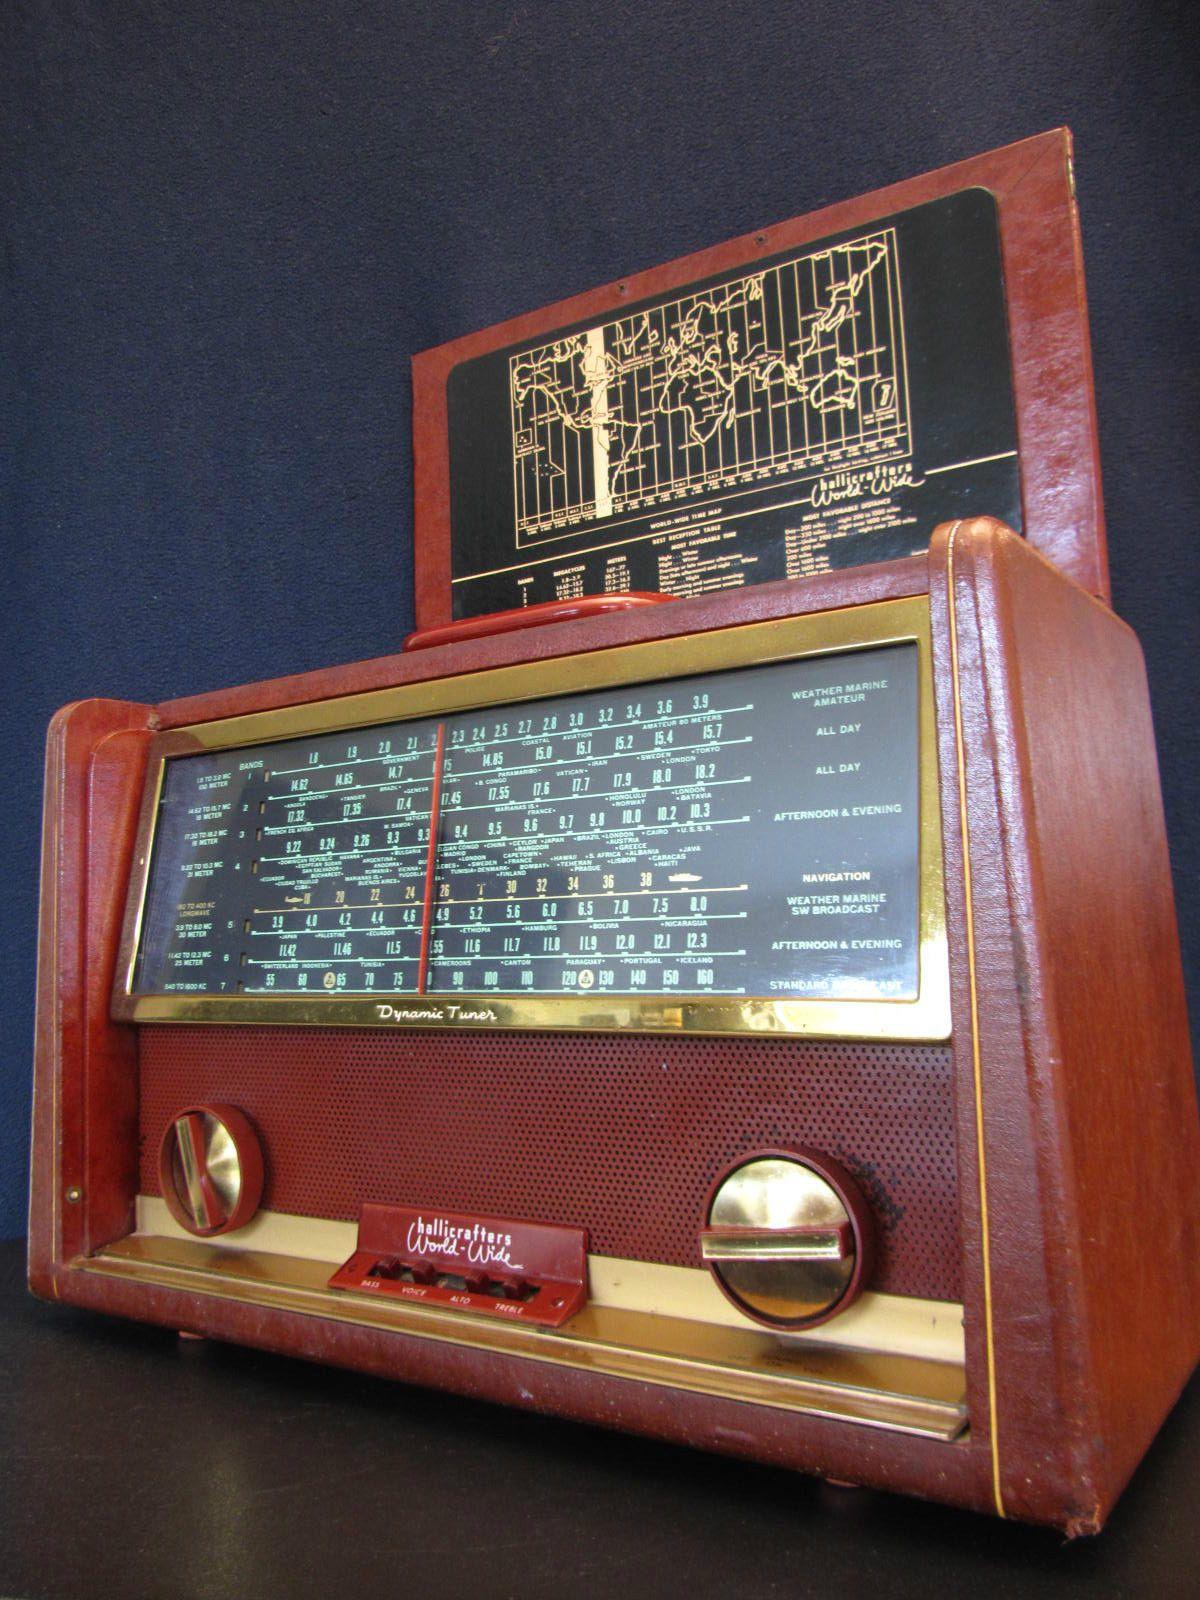 Vintage 1950s Hallicrafters Old Shortwave Analog Multiband Mid Century Radio Vintage Radio Antique Radio Retro Radios
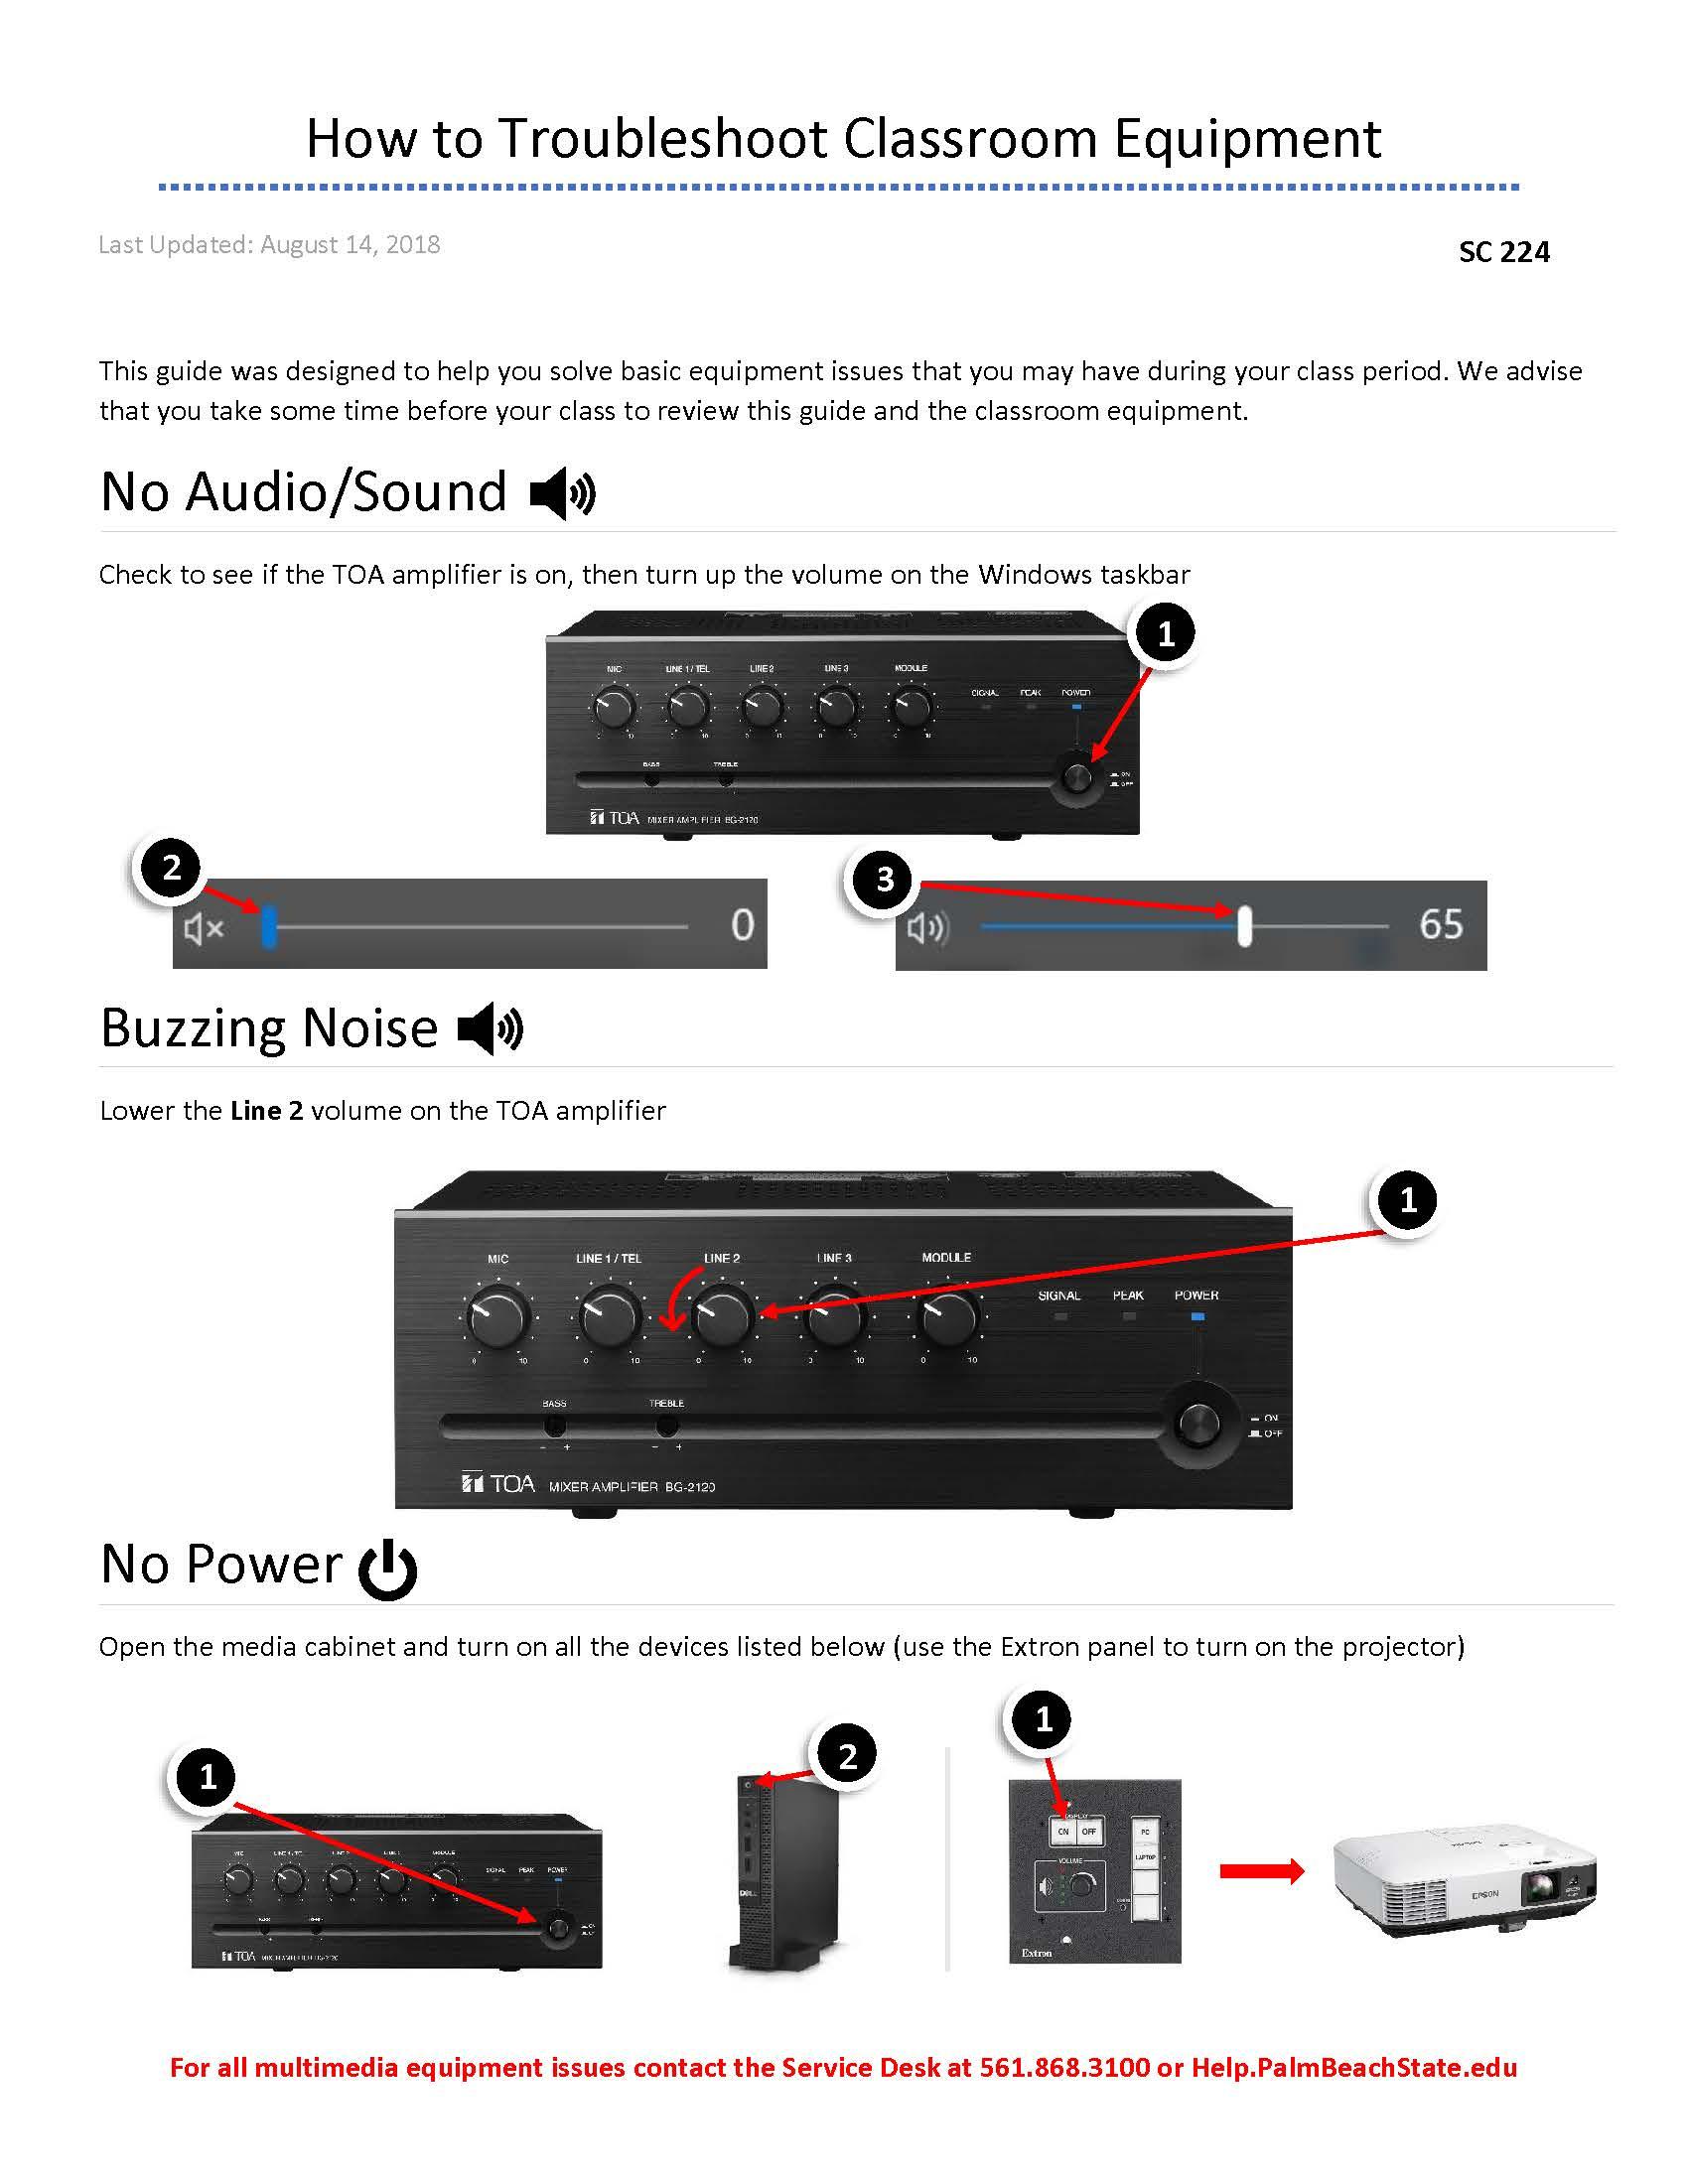 SC224 Multimedia Guide
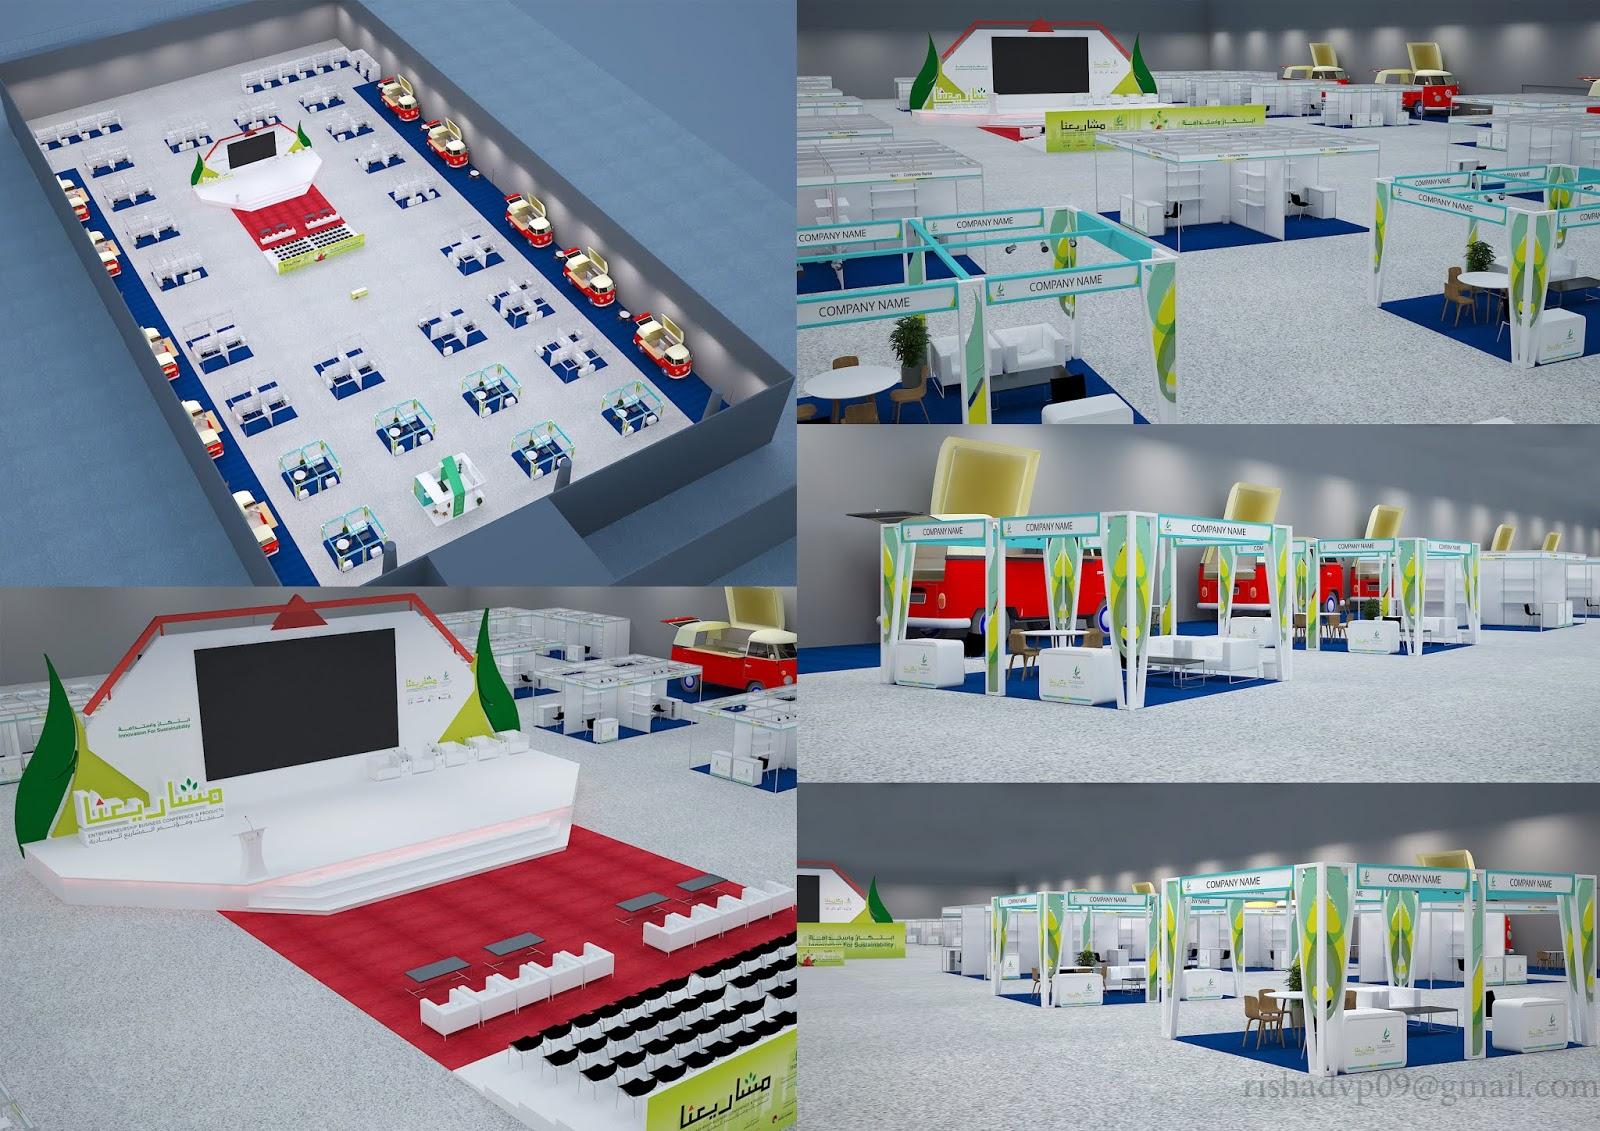 Exhibition Stand Designer Vacancy In Dubai : Rishadvp exhibition stands design

··········

_WORK INSTRUCTIONS_
Every line between the one containing "SC224 Multimedia Guide" and the last line of the data above, both included, should be copied exactly, but not the pictures.

_RESPONSE_
 SC224 Multimedia Guide
 Exhibition Stand Designer Vacancy In Dubai : Rishadvp exhibition stands design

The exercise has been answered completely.